Study Reveals Hidden (Potentially Dangerous) Pharmaceuticals May Be Found in OTC Supplements
A new study published Friday in JAMA reports that many dietary supplements consumed by people in the United States contain unapproved pharmaceutical ingredients in the over-the-counter products that pose a health risk for unsuspecting consumers.
The analysis conducted by the California Department of Public Health showed that the unapproved pharmaceutical ingredients were identified in 776 dietary supplements that were sold between 2007 and 2016. The supplements were typically marketed as boosts for sexual enhancements, weight loss or muscle building, according to the JAMA article. The most common pharmaceutical ingredients identified in these products include sildenafil for sexual enhancement supplements, which is sold commercially as Viagra. Additional discoveries include sibutramine, a weight loss drug that had been marketed by Abbott Laboratories before being removed from the market in 2010 due to cardiovascular risks, as well as synthetic steroids or steroid-like ingredients for muscle building supplement.
In the report, the analysis showed that 20 percent of the supplements contained two or more undeclared drugs. As an example, the report said weight loss supplements contained both an anorectic and a laxative. The supplements have been linked to an estimated 23 000 emergency department visits attributed to dietary supplements each year in the United States, the researchers said.
The report is also critical of the U.S. Food and Drug Administration (FDA) for not taking a more stringent oversight role in the supplement market. Peter Cohen, one of the authors of the study who also published a commentary, noted that the U.S. Food and Drug Administration “does not assess the safety of supplements prior to market,” but noted that the “agency is tasked with identifying and removing adulterated and hazardous supplements from the marketplace.” The latest research, Cohen said, is similar to previous concerns about lack of FDA oversight raised in a 2013 report.

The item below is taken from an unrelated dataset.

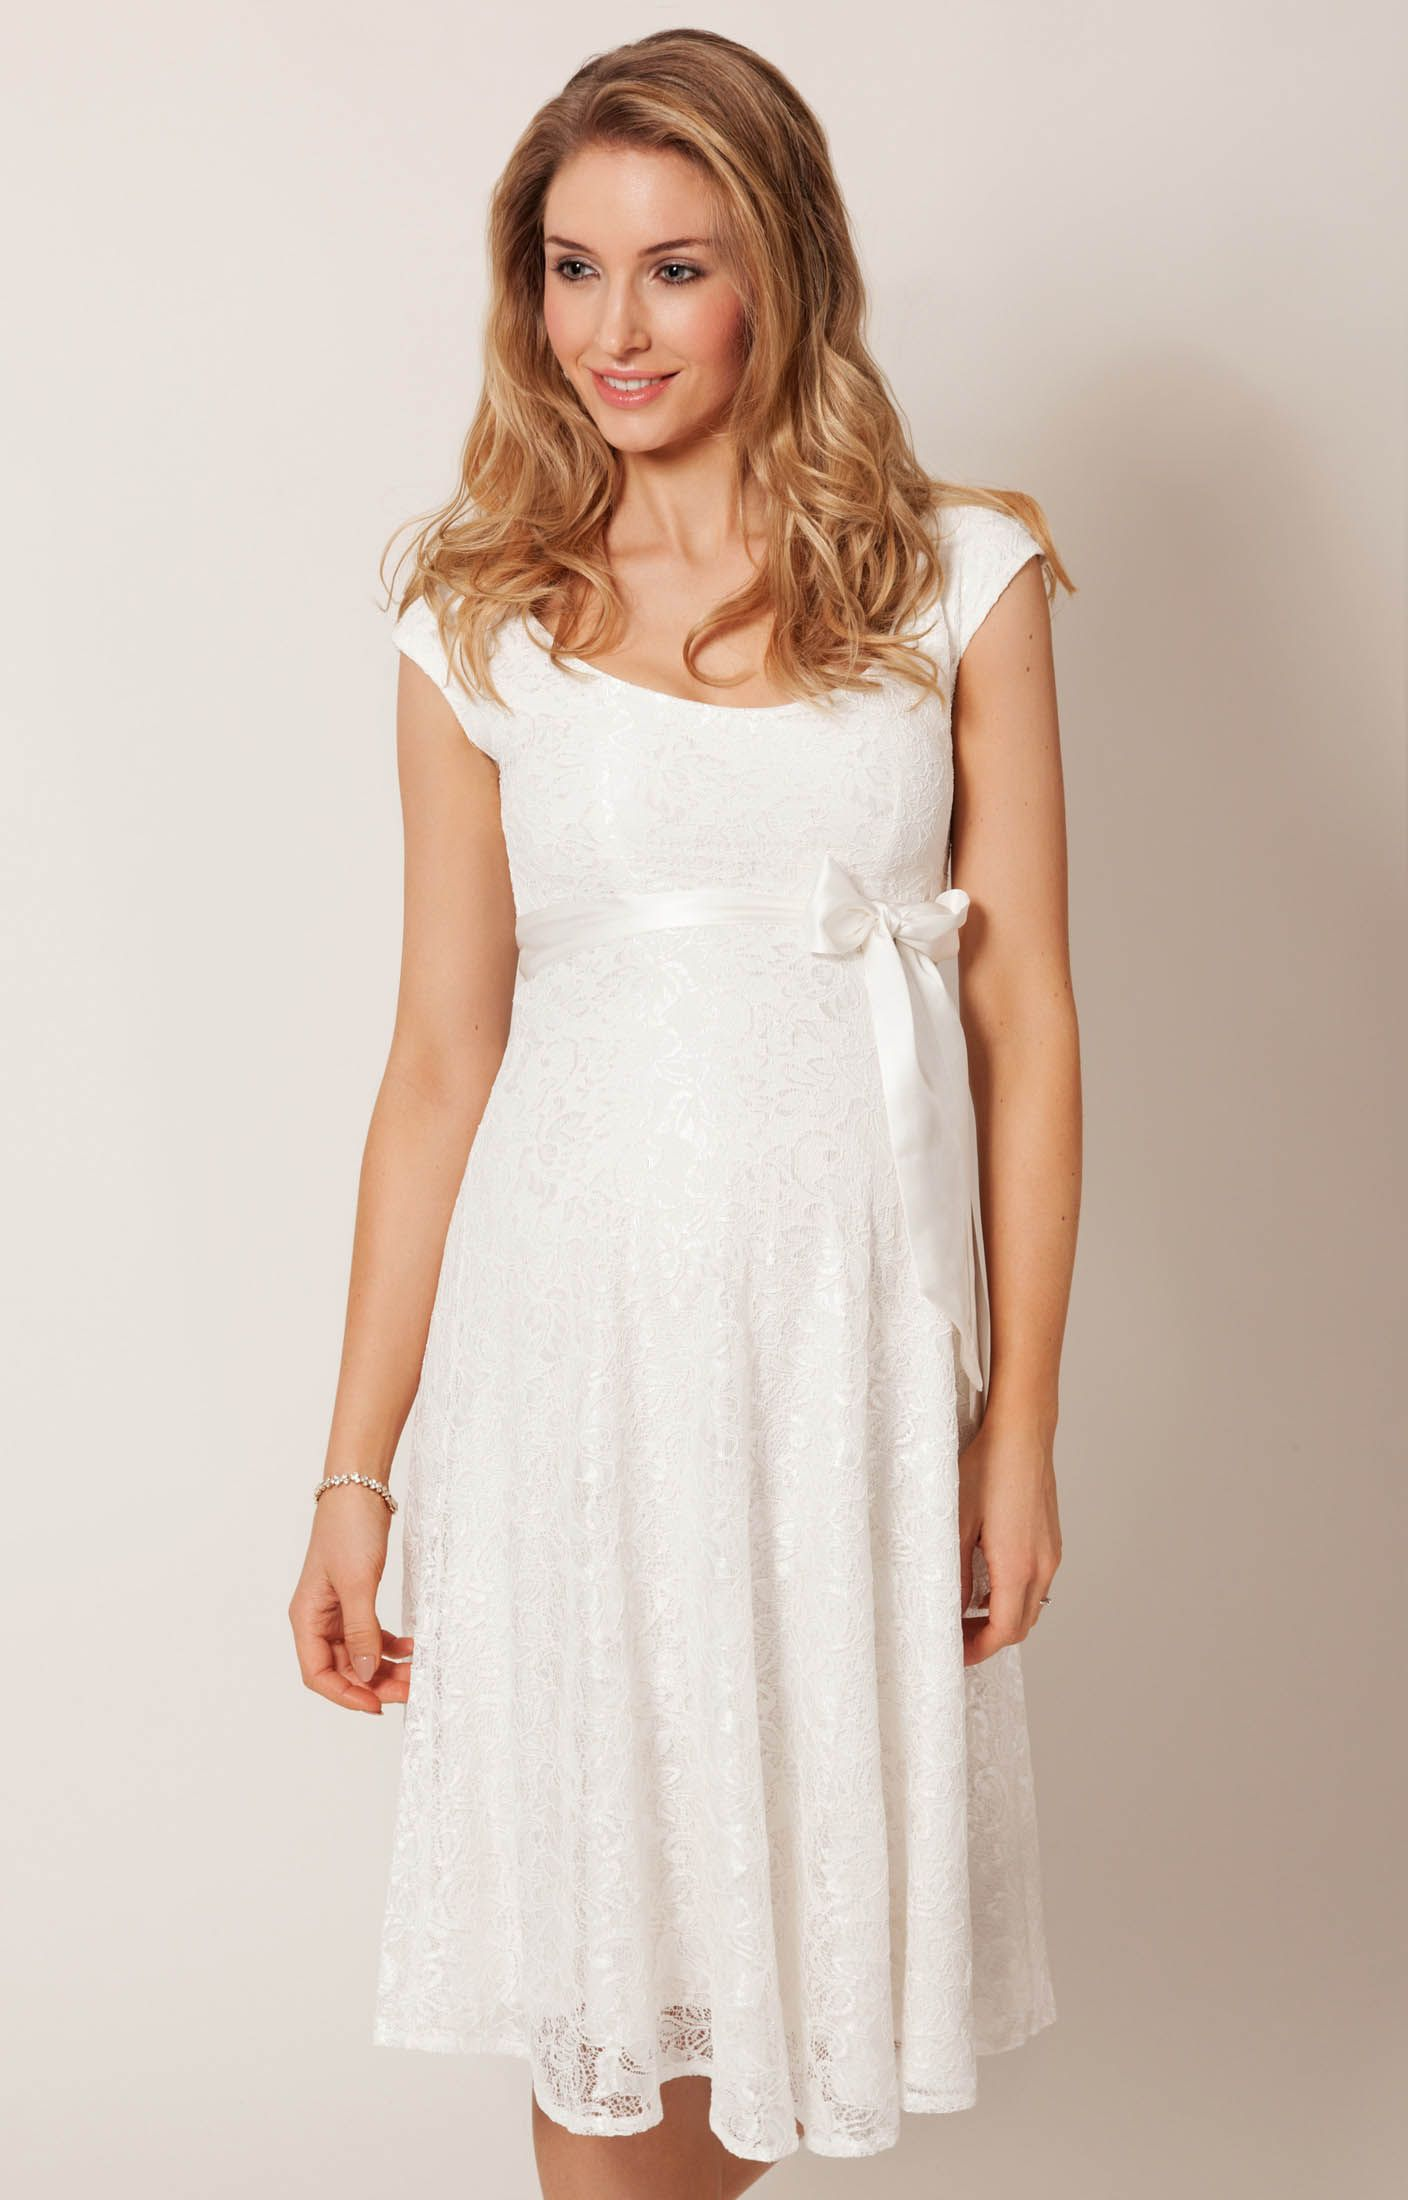 White maternity wedding dress  Eliza Dress  Wedding ideas  Pinterest  Tiffany rose Tiffany and

Cohen said he and his colleagues raised concerns over the supplement issue in 2017 with the FDA. At that time, they had identified two experimental stimulants, 1.4-dimethylamylamine and octodrine, in dietary supplements. One had never been approved by the FDA and the other had been removed from the U.S. market, Cohen said. As of September, Cohen said the “FDA has not taken any regulatory action to remove these synthetic stimulants from commerce or warn consumers about the novel adulterants.”
According to Kaiser Health News, dietary supplements are not classified as drugs by the FDA They fall under the food category. Because they are not intended as disease treatment or prevention, the supplements are not subject to premarket safety and efficacy testing like pharmaceuticals, KHN said. The supplements for weight loss, sexual performance and the like fall under the same umbrella as those that regulate vitamin supplements, such as vitamin C or E.
The new study said more than 50 percent of adults in the United States consume some kind of dietary supplement, which has led to the establishment of a $35 billion industry.
In his column, Cohen said that “more than FDA action will be required to ensure that all adulterated supplements are effectively and swiftly removed from the market.” He said Congress should require companies to register supplements with the FDA ahead of marketing a product. He also noted that Congress could provide the FDA with more enforcement tools that would allow the agency to product’s registration if a supplement is found to be “adulterated with pharmaceutical drugs.